J Chem Inf Model. 2018 Oct 22;58(10):2043-2050. doi: 10.1021/acs.jcim.8b00462. Epub 2018 Sep 25.
7
Design, synthesis and anticancer studies of novel aminobenzazolyl pyrimidines as tyrosine kinase inhibitors.新型氨基苯并唑嘧啶类酪氨酸激酶抑制剂的设计、合成及抗癌活性研究。
Bioorg Chem. 2018 Apr;77:84-100. doi: 10.1016/j.bioorg.2018.01.008. Epub 2018 Jan 4.
8
ROCS-derived features for virtual screening.用于虚拟筛选的基于ROC的特征。

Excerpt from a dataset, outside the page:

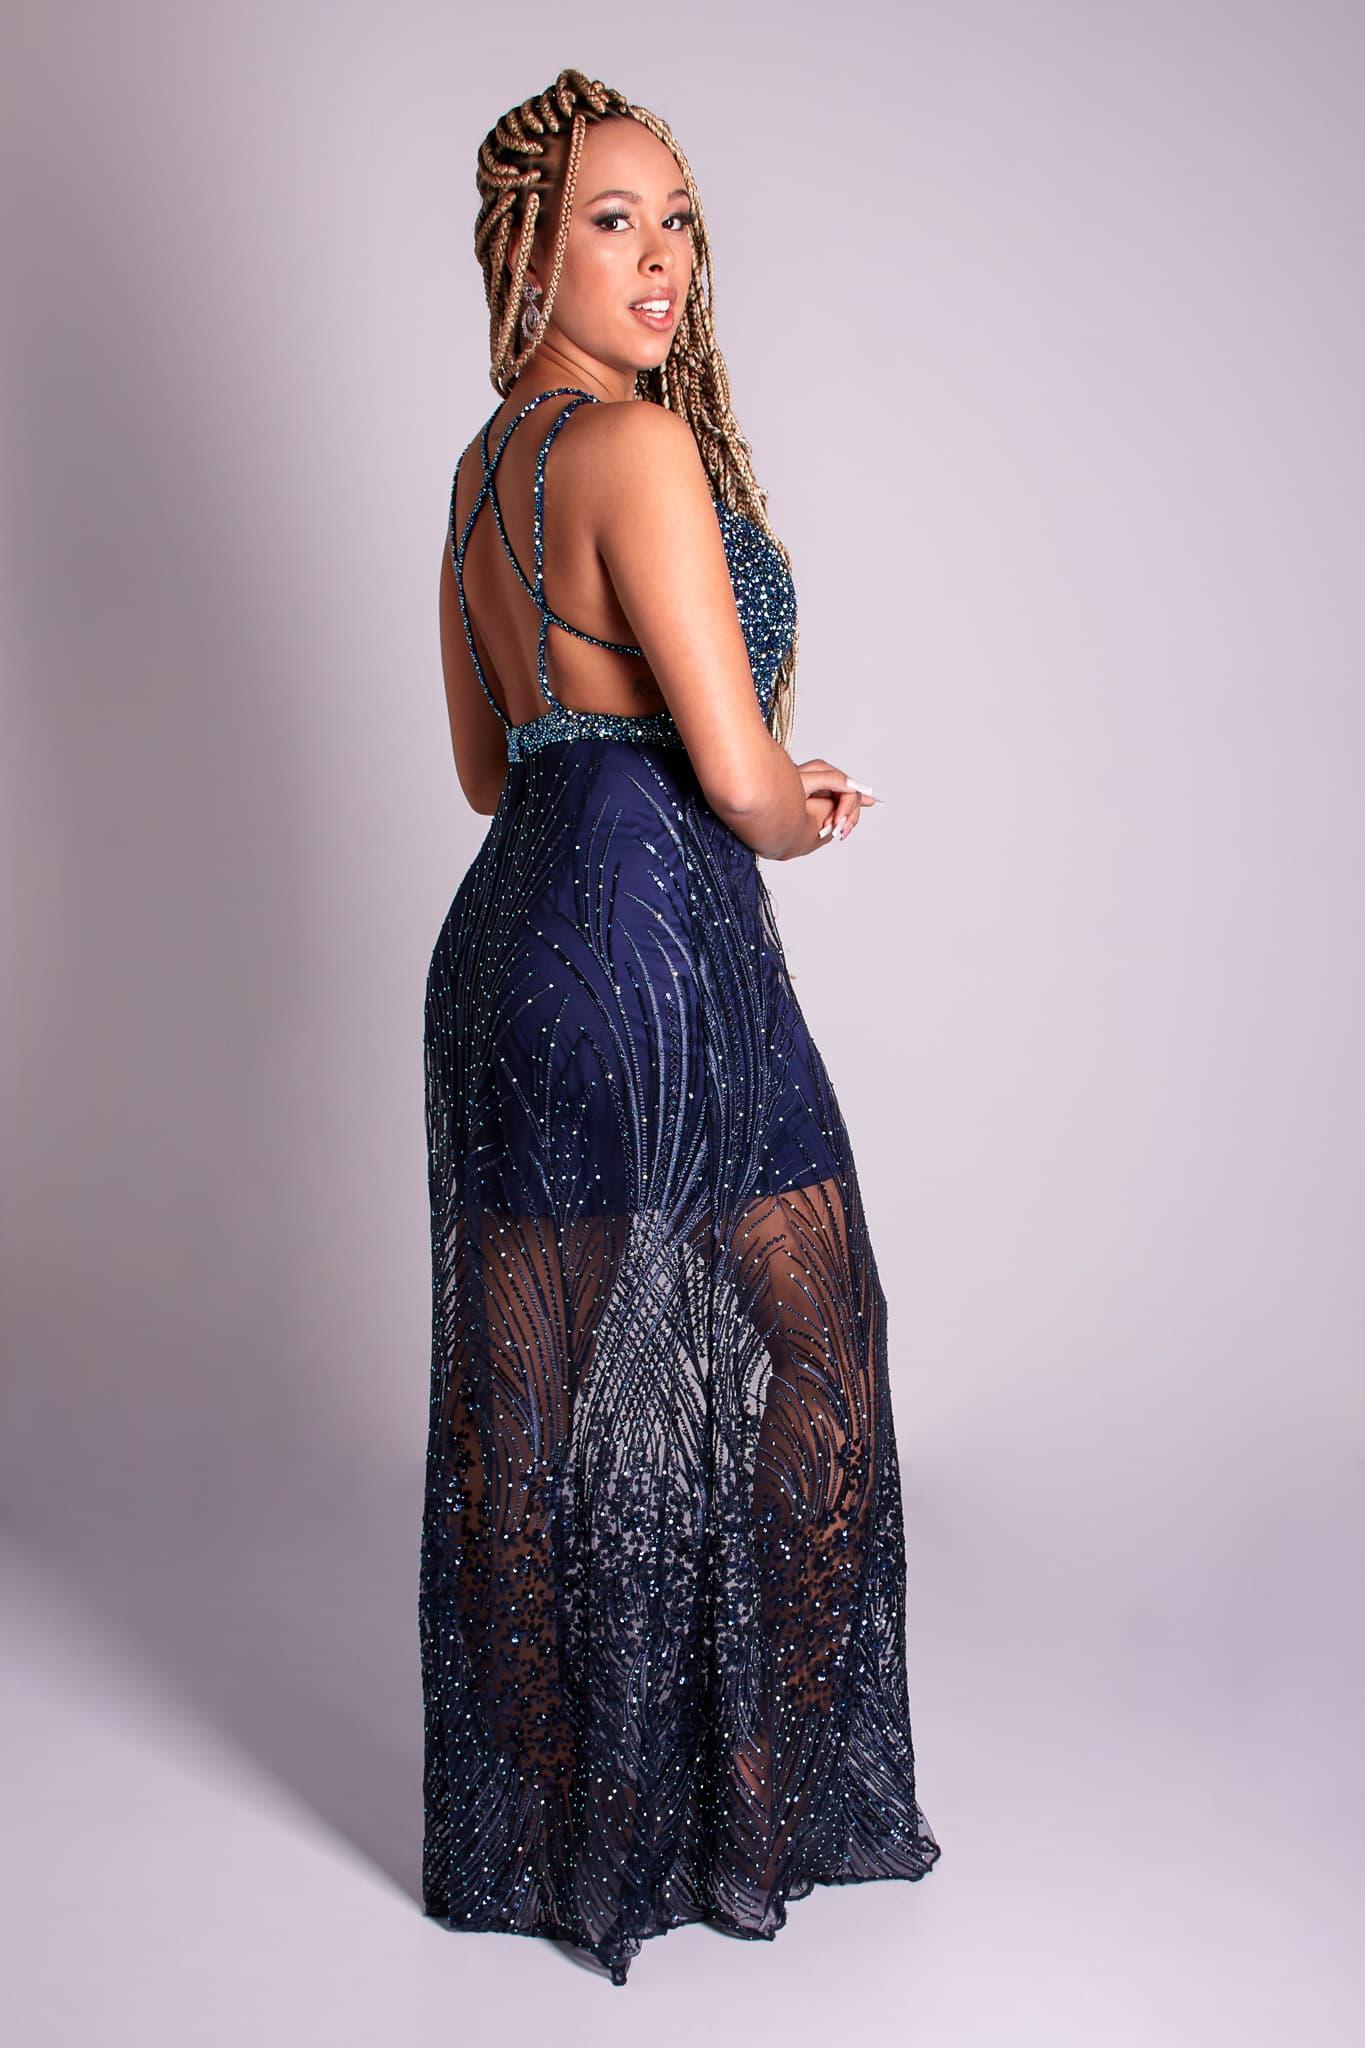 143 - Vestido azul marinho de renda com cristais e fitas nas costas

J Comput Aided Mol Des. 2016 Aug;30(8):609-17. doi: 10.1007/s10822-016-9959-3. Epub 2016 Sep 8.
9
Current Challenges in Cancer Treatment.癌症治疗中的当前挑战
Clin Ther. 2016 Jul;38(7):1551-66. doi: 10.1016/j.clinthera.2016.03.026. Epub 2016 May 2.
10
Design, synthesis and pharmacological evaluation of pyrimidobenzothiazole-3-carboxylate derivatives as selective L-type calcium channel blockers.嘧啶并苯并噻唑-3-羧酸酯衍生物作为选择性L型钙通道阻滞剂的设计、合成及药理评价
Bioorg Med Chem. 2015 Oct 15;23(20):6689-713. doi: 10.1016/j.bmc.2015.09.009. Epub 2015 Sep 7.